The following is likely a misunderstanding on my part, so any help is appreciated.

I am using the official wordpress:latest image. By default, the docker compose file creates two volumes - one for the database and one for files. I am playing around with running these directly within the container, so have removed the volume statements. For the purposes of this post, let’s not drill down on why :slight_smile: - separate topic. Suffice to say that the instances that do NOT use volumes seem to be much quicker.

After making some initial changes to my WordPress instance (add/remove plugins, etc) I am trying to create images using Docker Commit (one for each container). The commit commands run without errors, the images are created and I can create a docker compose file that successfully launches WordPress from these two new images.

However, the resultant WordPress environment never reflect the changes I made (adding plugins, etc). I just get prompted again as if I am at a fresh WordPress install i.e. the state before I made my plugin changes.

Since I am just starting out with Docker in earnest, I’d like to understand why this is happening. I see a couple of potential explanations.

  1. Do I need to pause or stop containers before I commit to an image or can I apply it to a running container?

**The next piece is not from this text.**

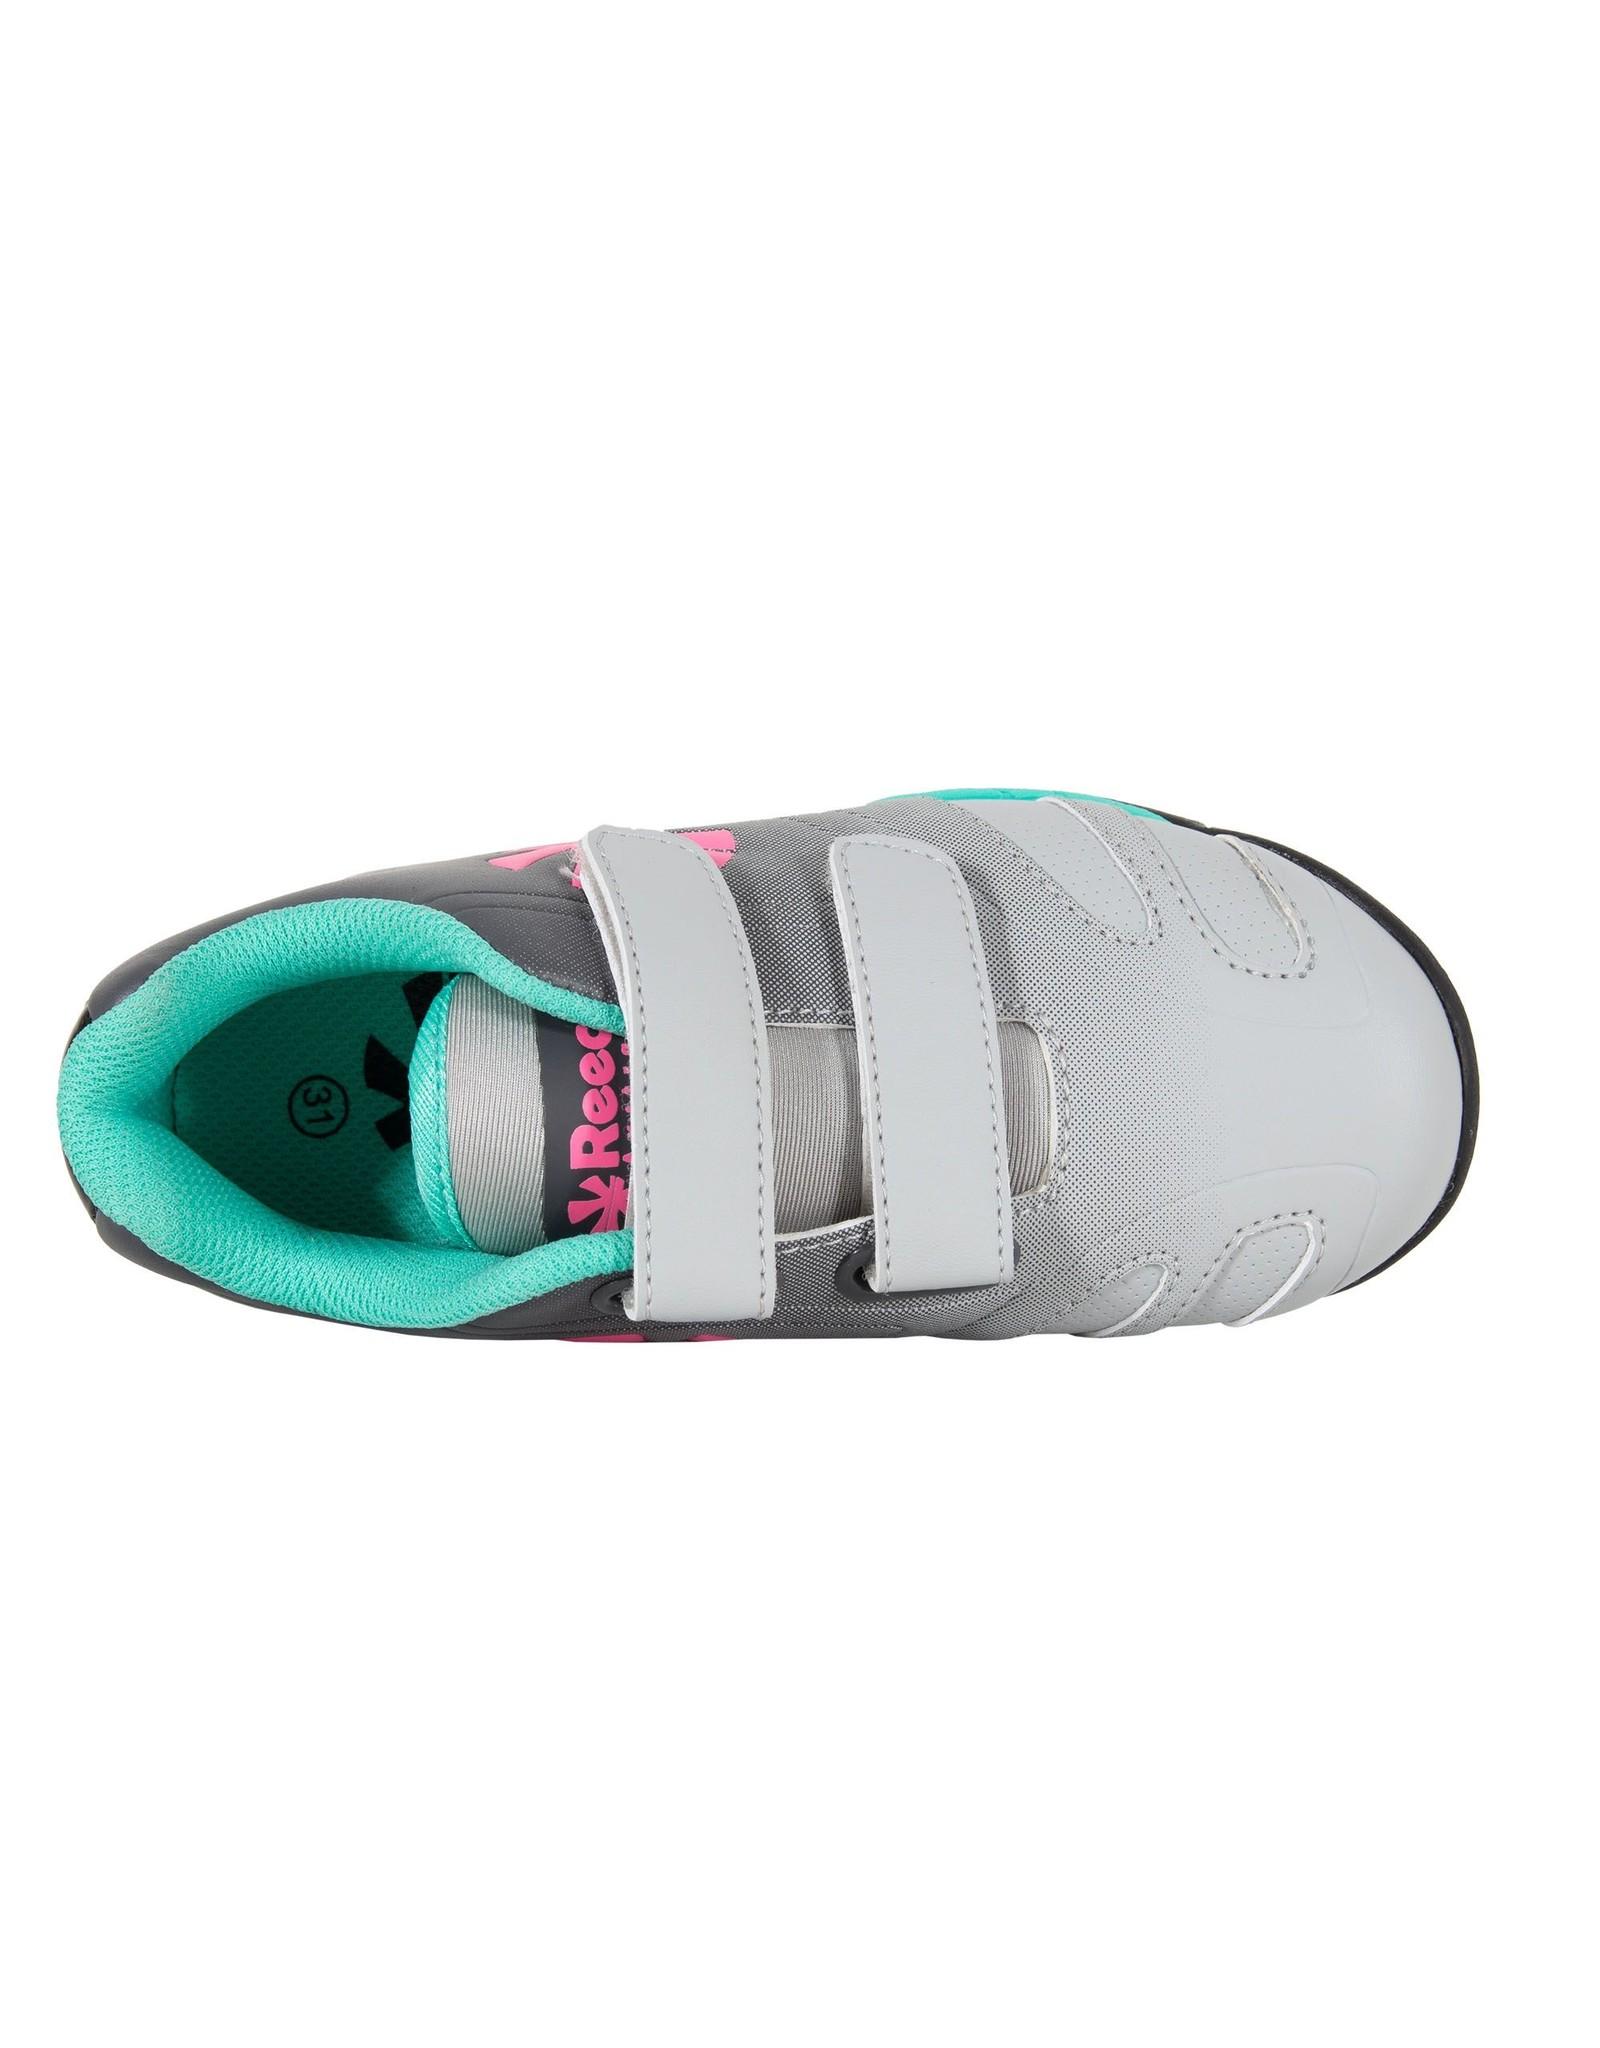 Reece Australia Bully X80 - Outdoor-Grey-Mint-Pink

  2. Are there any issues with committing to an image using the same image name i.e. essentially updating the image, rather than creating a new one?

Thank you.

You should never run docker commit.

To answer your immediate question, containers that run databases generally store their data in volumes; they are set up so that the data is stored in an anonymous volume even if there was no docker run -v option given to explicitly store data in a named volume or host directory. That means that docker commit never persists the data in a database, and you need some other mechanism to copy the actual data around.

At a more practical level, your colleague can ask questions like “where did this 400 MB tarball come from, why should I trust it, and how can I recreate it if it gets damaged in transit?” There are also good questions like “the underlying database has a security fix I need, so how do I get the changes I made on top of a newer base image?” If you’re diligent you can write down everything you do in a text file. If you then have a text file that says “I started from mysql:5.6, then I ran …” that’s very close to being a Dockerfile. The syntax is straightforward, and Docker has a good tutorial on building and running custom images.

When you need a custom image, you should always describe what goes into it using a Dockerfile, which can be checked into source control, and can rebuild an image using docker build.

For your use case it doesn’t sound like you actually need a custom image. I would probably suggest setting up a Docker Compose YAML file that described your setup and actually stored the data in local directories. The database half of it might look like

version: ‘3’
services:
db:
image: ‘mysql:8.0’
volumes:
- ‘./mysql:/var/lib/mysql/data’
ports:
- ‘3306:3306’
The data will be stored on the host, in a mysql subdirectory. Now you can tar up this directory tree and send that tar file to your colleague, who can then untar it and recreate the same environment with its associated data.